I have come across this problem, which has apparently been posted as a problem in the national university entrance exam in South Korea this year.
Consider the following relations:
- $a_{2n} = a_{n} - 1$
- $a_{2n+1} = 2a_{n} +1$
Find the value of $\quad\displaystyle\sum_{n=1}^{63} a_n\quad $ if $a_{20} = 1$.
Now the problem itself is straightforward. There is a simple recurrence relation for the sum that you find after rewriting the sum into sum of even-index entries and odd-index entries ($\sum_{n=1}^{2^n-1} a_n = a_1 + 3\sum_{n=1}^{2^{n-1}-1} a_n$). I find that the sum in the problem is equivalent to $364 a_1$. But I had to brute-force to find $a_1 =2 $ from the condition $a_{20} = 1$, using the two original recurrence relations.

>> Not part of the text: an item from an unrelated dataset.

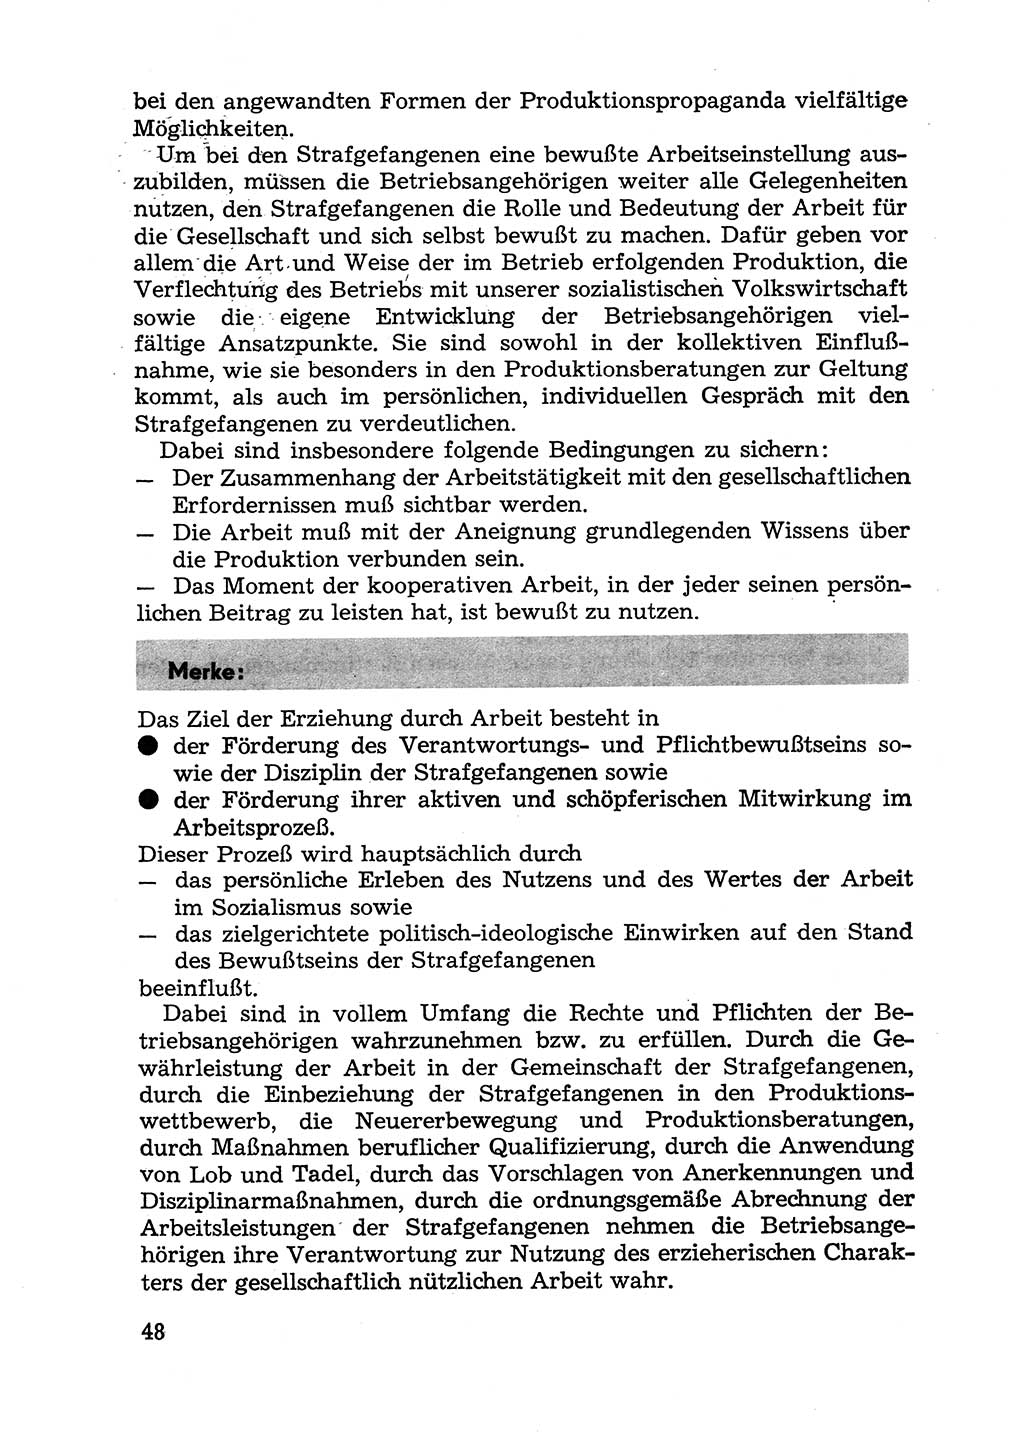 Handbuch für Betriebsangehörige, Abteilung Strafvollzug (SV) [Ministerium des Innern (MdI) Deutsche Demokratische Republik (DDR)] 1981, Seite 48 (Hb. BA Abt. SV MdI DDR 1981, S. 48)

I would like to know the general expression for $a_n$, and I am having trouble with this. One thing that I tried is I derive the recurrence relation $a_{2n+1} = 2 a_{2n} +3$ which looks like a homogeneous recurrence relation, but extrapolating the solution from that for $a_n$ will give me inconsistent results and I don't understand why.
I actually don't know much about discrete mathematics other than my brief encounter with generating functions from physics so please let me know if I am missing some basic methods.
I do not believe you are missing anything that could be described as basic. Indeed, I think your solution is very good.
First, with regard to your 'inconsistent' results. I suspect that the issue here is that the recurrence relation $a_{2n+1}=2a_{2n}+3$ does not tell us what $a_{2n}$ is in terms of $a_{2n-1}$. Of course, this problem is designed to be more tricky than would be the case for $a_{n+1}=2a_{n}+3$.
Secondly, can one get a general formula? The answer is yes but the formula will not be a simple one.
Essentially the form of the solution depends on the structure of $n$ as a binary number. For example:-
For $n=2^k, k\ge 0$. Then $a_n=2-k$.
For $n=2^k+1, k\ge 1$. Then $a_n=7-2k$.
For $n=2^k+2, k\ge 2$. Then $a_n=8-2k$.
For $n=2^k+3, k\ge 2$. Then $a_n=19-4k$.
...
...
I'm sure you could, with some effort, put these into a general form. However, are you interested in what will not be an especially neat solution?